Even at this point there are multiple places we can imrove at. One big refactor would be to remove the hardcoding of root domain.

My actualy intend to make my ansible config public is to make it accessible by the world, and in that case the santoshk.dev does not makes much sense. This value should be dynamic and something which should be passed from the command line while playing the book

That way it will be easier for someone to use my roles. Let’s take that initiative:

Replace all the occurance of santoshk.dev to {{ fqdn }}. This can be simply done by running a project wide Find and Replace.

Task 3.1: Convert files to templates

If you replaced all the occurances of domain name with {{ fqdn }}, you’d have 2 .conf files, each in nginx and jenkins roles individually. These conf file in files sub-directory of roles are invalid now. This is because files can’t have variables. Every file in files subdir are specifically for the purpose of moving from controller to controlled node without any dynamicity.

Changes not staged for commit:
        modified:   roles/jenkins/files/jenkins.conf
        modified:   roles/jenkins/tasks/main.yml
        modified:   roles/nginx/files/nginx.conf

We have to move them from files subdir to templates subdir. Also, let them have a .j2 extension which indicates a Jinja2 template file.

Changes to be committed:
        renamed:    roles/jenkins/files/jenkins.conf -> roles/jenkins/templates/jenkins.conf.j2
        renamed:    roles/nginx/files/nginx.conf -> roles/nginx/templates/nginx.conf.j2

You’d also want to change copy module in both the roles to template module.

1
2


-  copy: src=jenkins.conf dest=/etc/nginx/conf.d/ci.santoshk.dev.conf
+  template: src=jenkins.conf.j2 dest=/etc/nginx/conf.d/ci.{{ fqdn }}.conf

Don’t forget the .j2.

1
2


-  copy: src=nginx.conf dest=/etc/nginx/nginx.conf mode=preserve
+  template: src=nginx.conf.j2 dest=/etc/nginx/nginx.conf mode=preserve

Before I commit above changes, I need to store a default value for fqdn somewhere in the file.

Task 3.2: Set defualt value to variables

Next, you need to define this fqdn variable somewhere in our ansible config repo. Where this variables goes is a good question to ask. The documentation says there could be 16 places where the declaration can go.

Out of those 16, Let’s go through the most common ones to start with.

Inside role’s default subdir.

This subdir is dedicated to static variables. Meaning that, if you have to construct a URL like _https://archive.apache.org/dist/tomcat/tomcat-version/_, then https://archive.apache.org/dist/tomcat/tomcat- part would go in default, as they are likely not to change.

Inside role’s vars subdir.

Continuing with above example, the version part would go in this subdir as they will keep increasing with time.

Inside host_vars.

This is for overriding any variable in default or vars which is specific to any machine.

Inside group_vars.

This overrides everything listed above. group_vars is by convention used to override a specific group of machines.
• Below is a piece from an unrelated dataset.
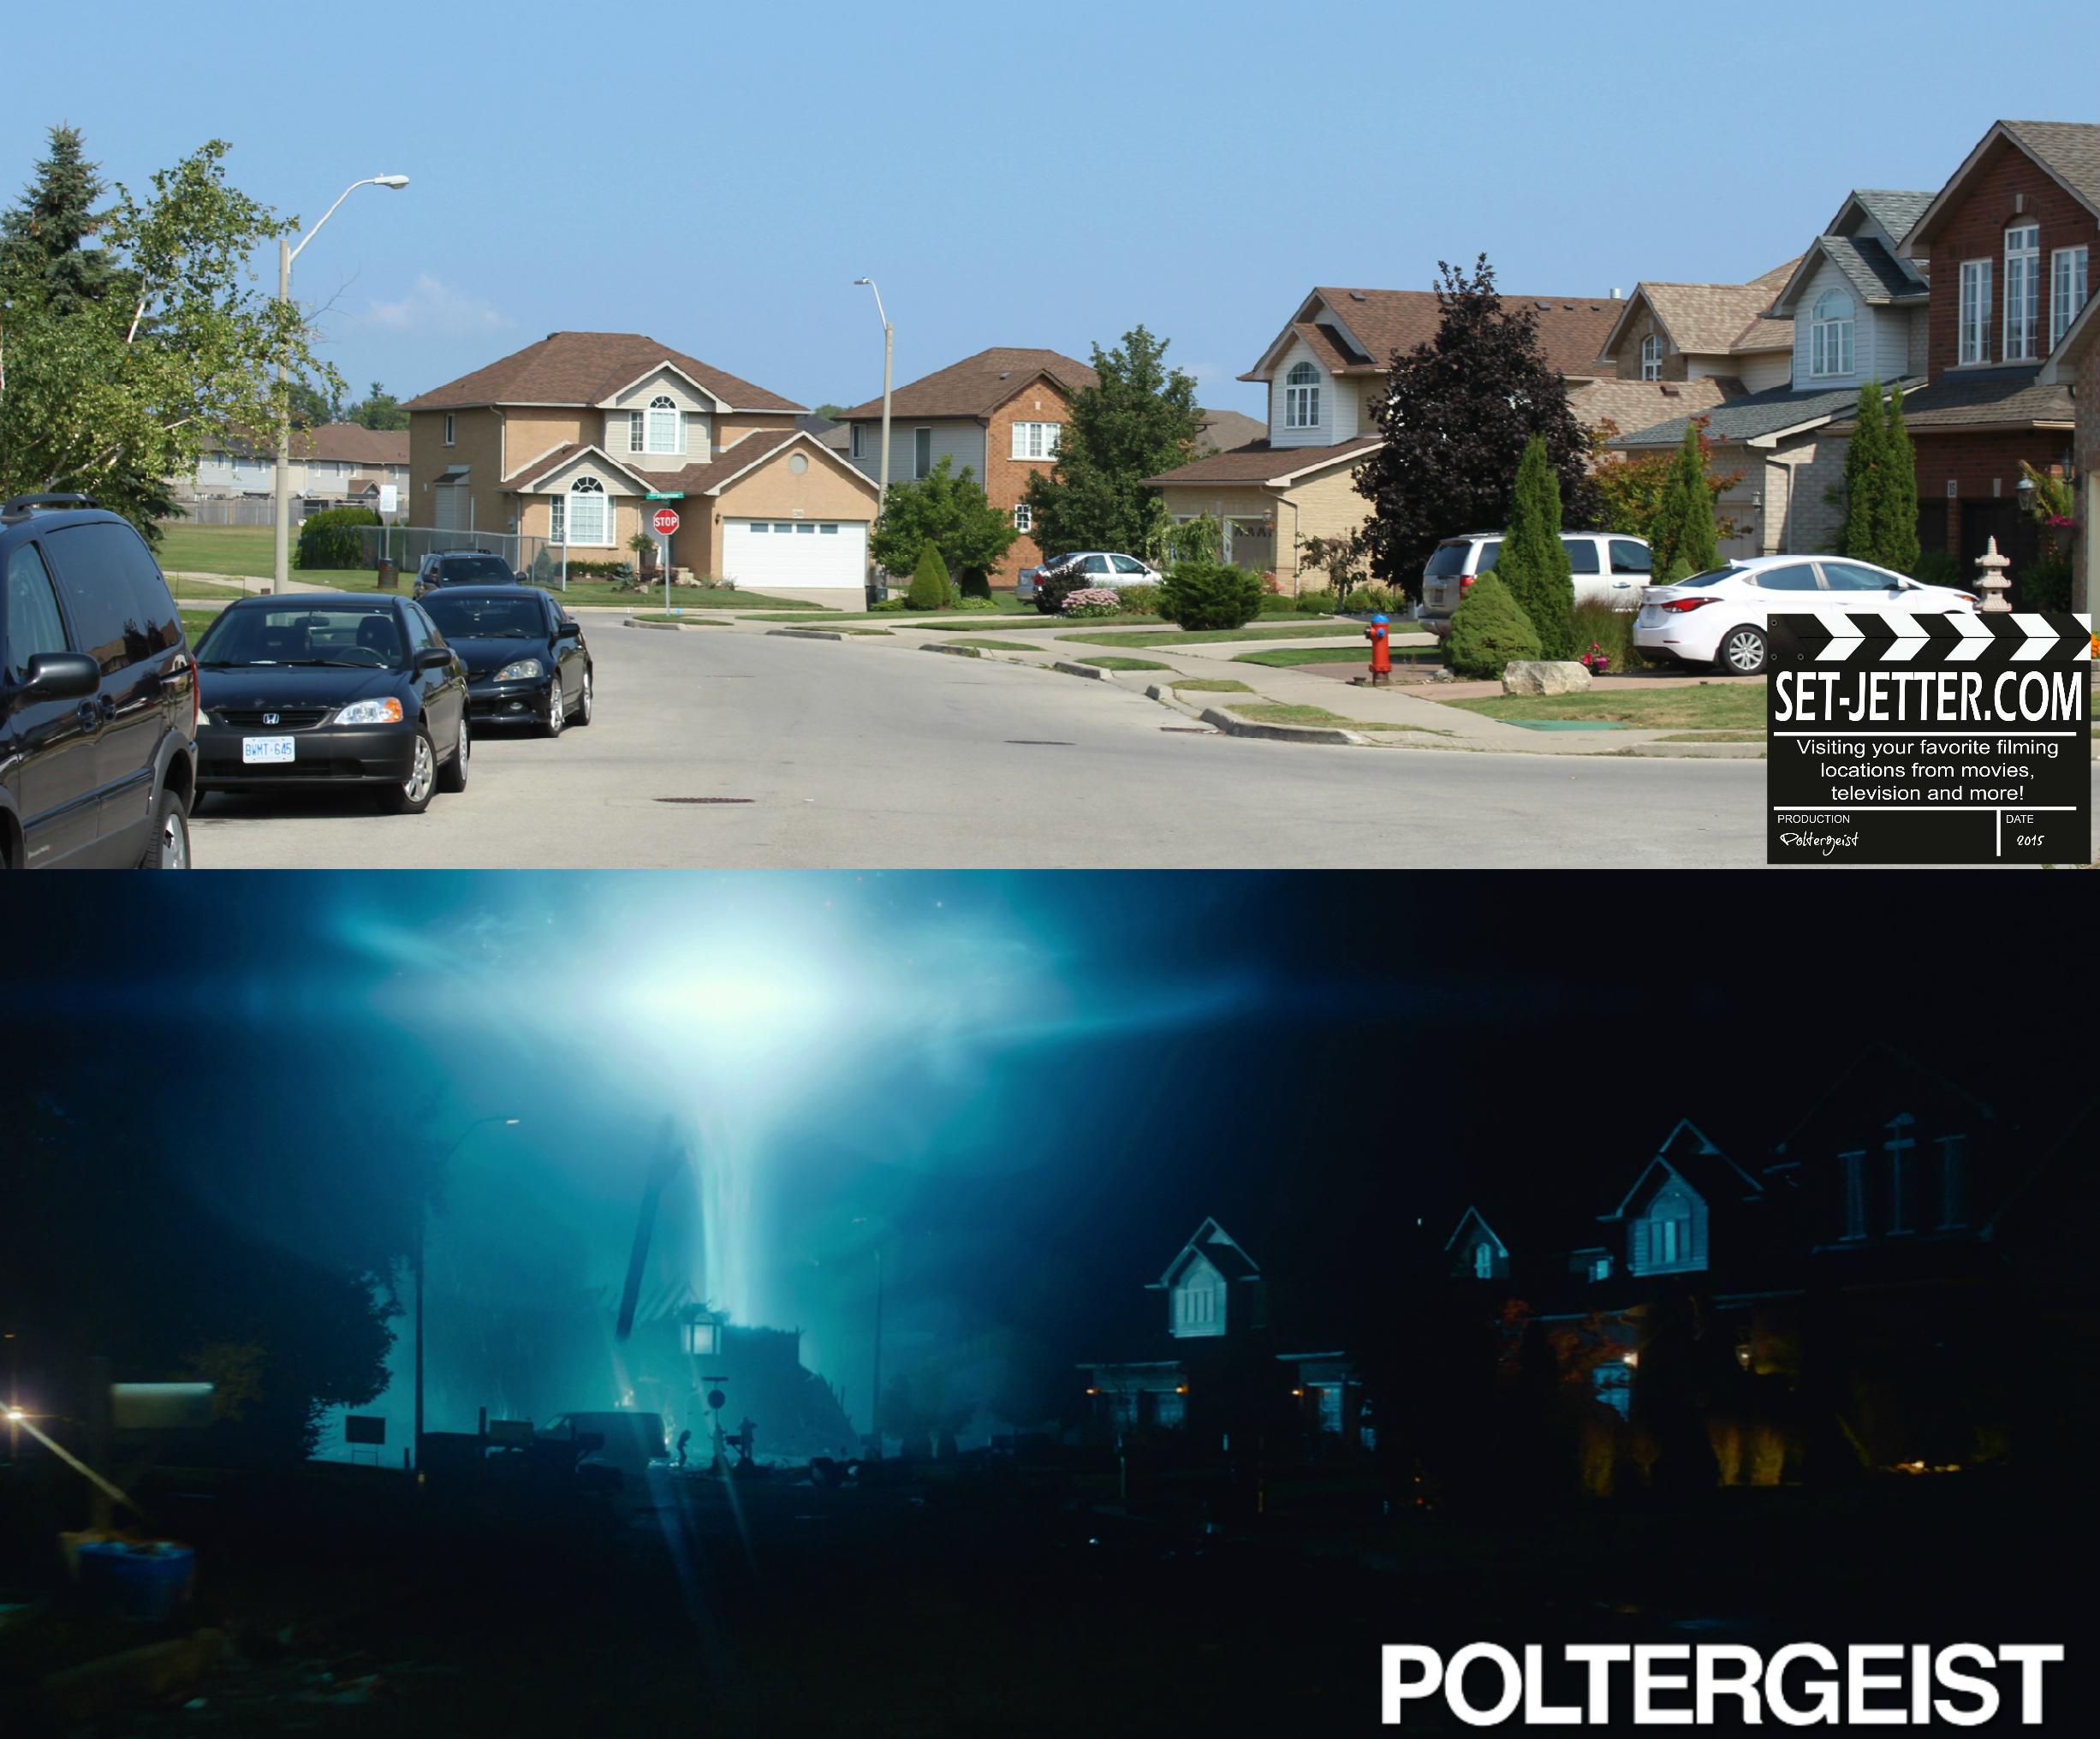 Poltergeist comparison 124.jpg

This grouping varies organisation to organisation.

The narrowest reasonable scope we can put this variable is in the jenkins role scope (vars and default). This could have worked, but if we do so, we’d have a duplicate. This is because nginx role also have the same domain name listed. And when we write our certbot role, we’d have the same duplicate. We need to think of something higher scope.

For this time, I’m going to go with group_vars approach this time. But later in this post, we’ll use both default and vars.
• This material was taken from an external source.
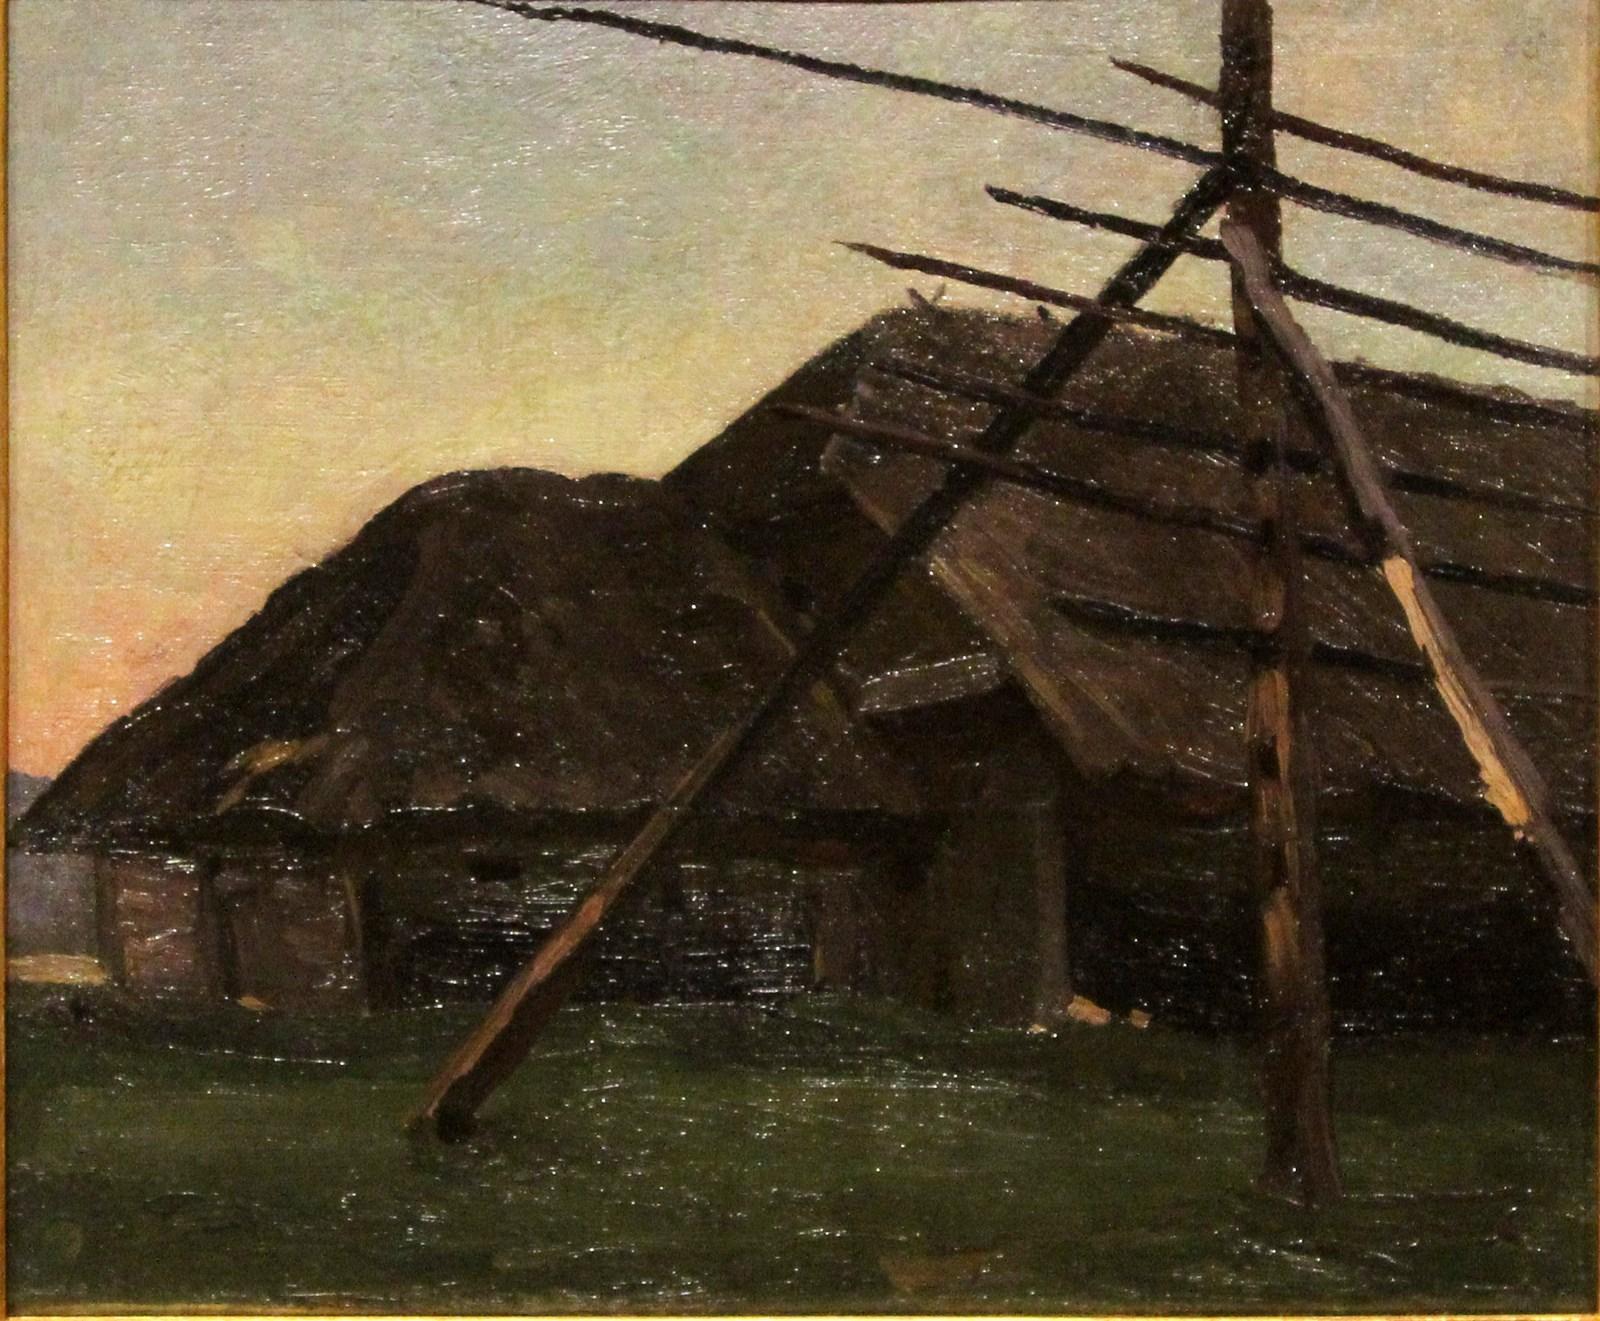 Рущиц Фердинанд. 1870-1936 Сараи и прясло для сена. 1899 Холст, масло. Из корпоративной коллекции Белгазпромбанка

For this, let’s create a folder group_vars in root dir and have a file called all inside it.

$ mkdir group_vars
$ touch group_vars/all

Open that file and write this:

1
2
3


---

fqdn: santoshk.dev

All of this together, and this works without error.

PLAY RECAP ******************************************************************************************
10.2.1.10                  : ok=9    changed=3    unreachable=0    failed=0    skipped=1    rescued=0    ignored=0

I ssh’d into that machine and verify that fqdn was replaced with the actual value.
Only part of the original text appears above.